Toujours est-t-il que quand on m’a demandé d’écrire sur la mort de l’écrivain culte, décédé cette nuit à Montréal, ça faisait déjà de longues minutes que se déversaient sur mon fil Facebook les réactions du milieu littéraire. Éditeurs, écrivains, réviseurs et journalistes racontaient à quel point l’œuvre de Réjean Ducharme a été fondatrice. J’ai d’abord feelé cheap de ne pas me sentir aussi dévastée par sa mort que le reste de l’humanité. Ç’a duré environ quatre minutes, le temps que je me rappelle que quand quelqu’un meurt, c’est comme le concours de qui est le plus touché par la tragédie sur les médias sociaux. Mais ça, c’est un autre sujet, et quelqu’un d’autre l’a déjà abordé ici dans un texte à la syntaxe pas mal moins bien tournée que celle de l’Océantume.

Même mon chum, écrivain de sa fonction, m’a déconseillé d’écrire là-dessus, en me traitant un peu d’impostrice. Il est au courant, lui, que je n’ai jamais voué un culte au plus célèbre Félicien du Québec. Mais bon, je ne suis pas à un paradoxe près, et me voici donc quand même en train d’écrire sur la mort de l’auteur de L’hiver de force et (surprise) de plusieurs chansons de Robert Charlebois (allez écouter la très jolie Tendresse et amitié). Pourquoi? Parce qu’en y réfléchissant, Réjean a eu beaucoup plus d’influence sur moi que j’aimerais le croire. Sans doute à cause de personnages d’enfants cruels, d’adolescents suicidaires et de jeunes adultes mésadaptés qu’il a créé avec tant de justesse. Je me rappelle avoir été happée par la révolte de Bérénice et d’y être revenue constamment comme le petit Léolo dans le film de Lauzon, par l’amour chaste et pervers de Mille Milles et Chateaugué et par le refus du tout de Nicole et André. Toutes et tous m’ont donné envie d’écrire sur une autre vie, une vie rarement montrée dans les romans ou au cinéma, une vie marquée par la violence ordinaire et sauvée in extremis par les fulgurances du langage.

Comme plusieurs, le désir de l’auteur de ne pas se prêter au jeu médiatique m’a fascinée longtemps. Il est clair que personne ne connait véritablement la raison derrière cet anonymat prolongé. N’empêche, la posture avait quelque chose de noble, encore plus à l’époque dans laquelle on vit. Et je me plais à penser qu’en quelque part, c’était un espèce de gros fuck you à cette culture d’auto-promotion dans laquelle on baigne et à laquelle, ne nous voilons pas la face, je participe allègrement. C’est romantique de penser ça, je le sais. Mais que serait la mort d’un écrivain sans un peu de romantisme et de mythification?

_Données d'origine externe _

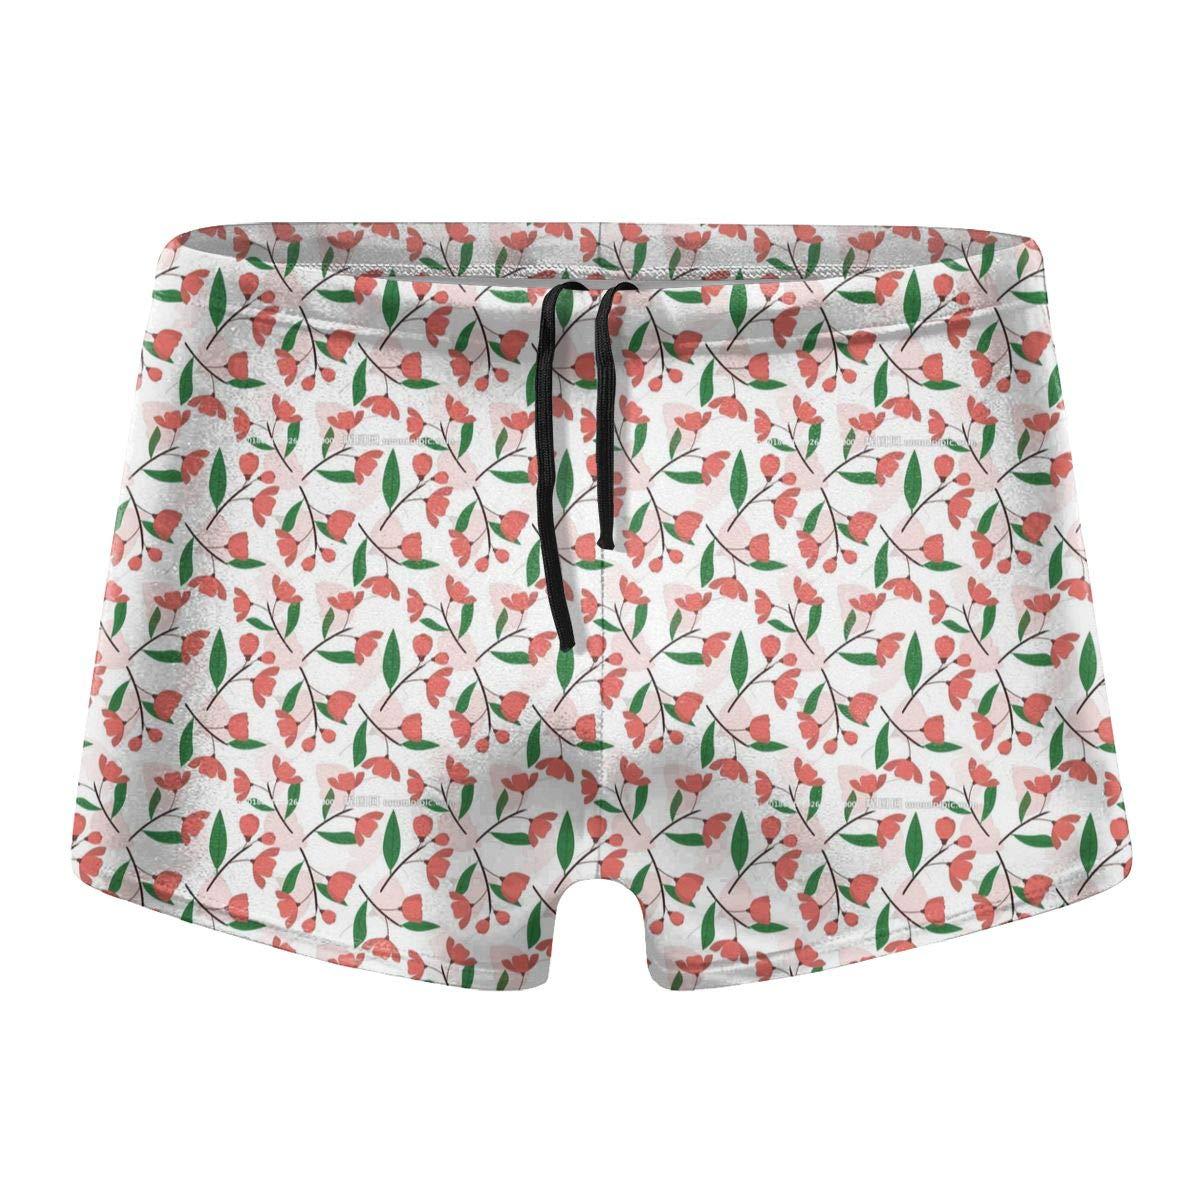 G66TCX Mens Swim Trunks Board Shorts New Sailor Boxer Swimsuit Swim Underwear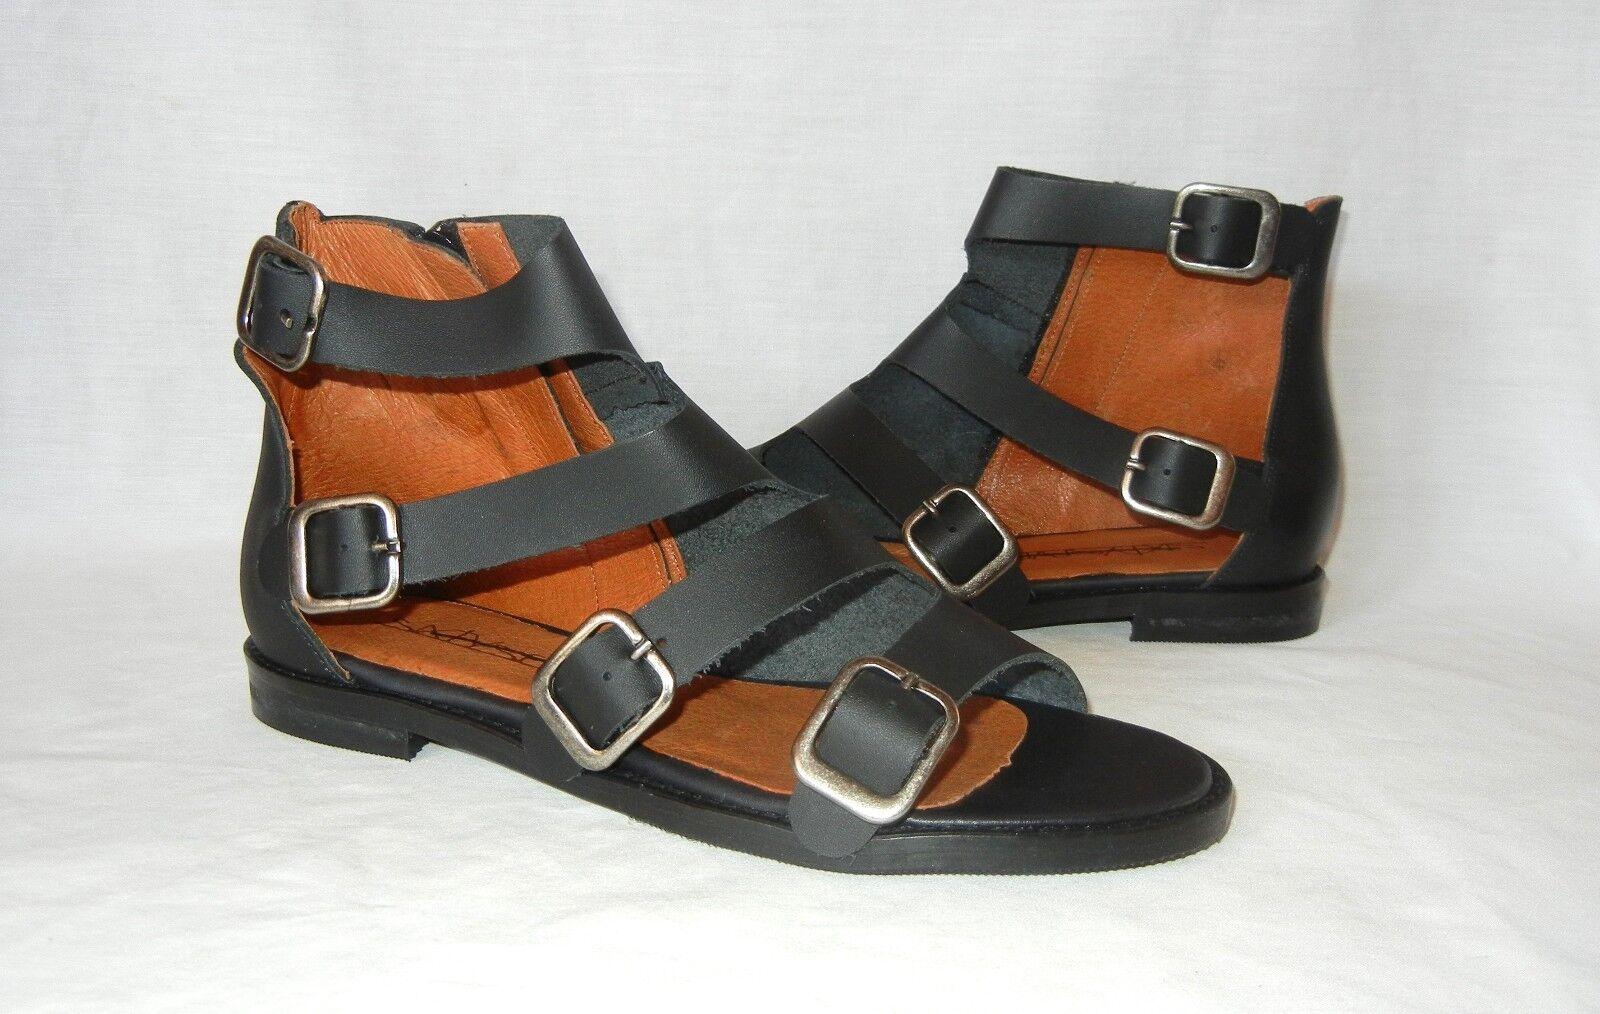 Sixtyseven Damenschuhe Lorik Asymmetrical Leder Ankle Boot Sandales Retail 155 sz 8

Oui, Réjean était invisible, mais il demeurait tout de même pas mal plus présent et pertinent que ben du monde. Au-delà de ses silences publics, ses livres étaient avec nous tout le temps. Et ils le seront encore.

Je ne sais pas s’il est mort verticalement, la tête en bas et les pieds en haut, comme il le voulait, mais mon petit doigt me dit que oui.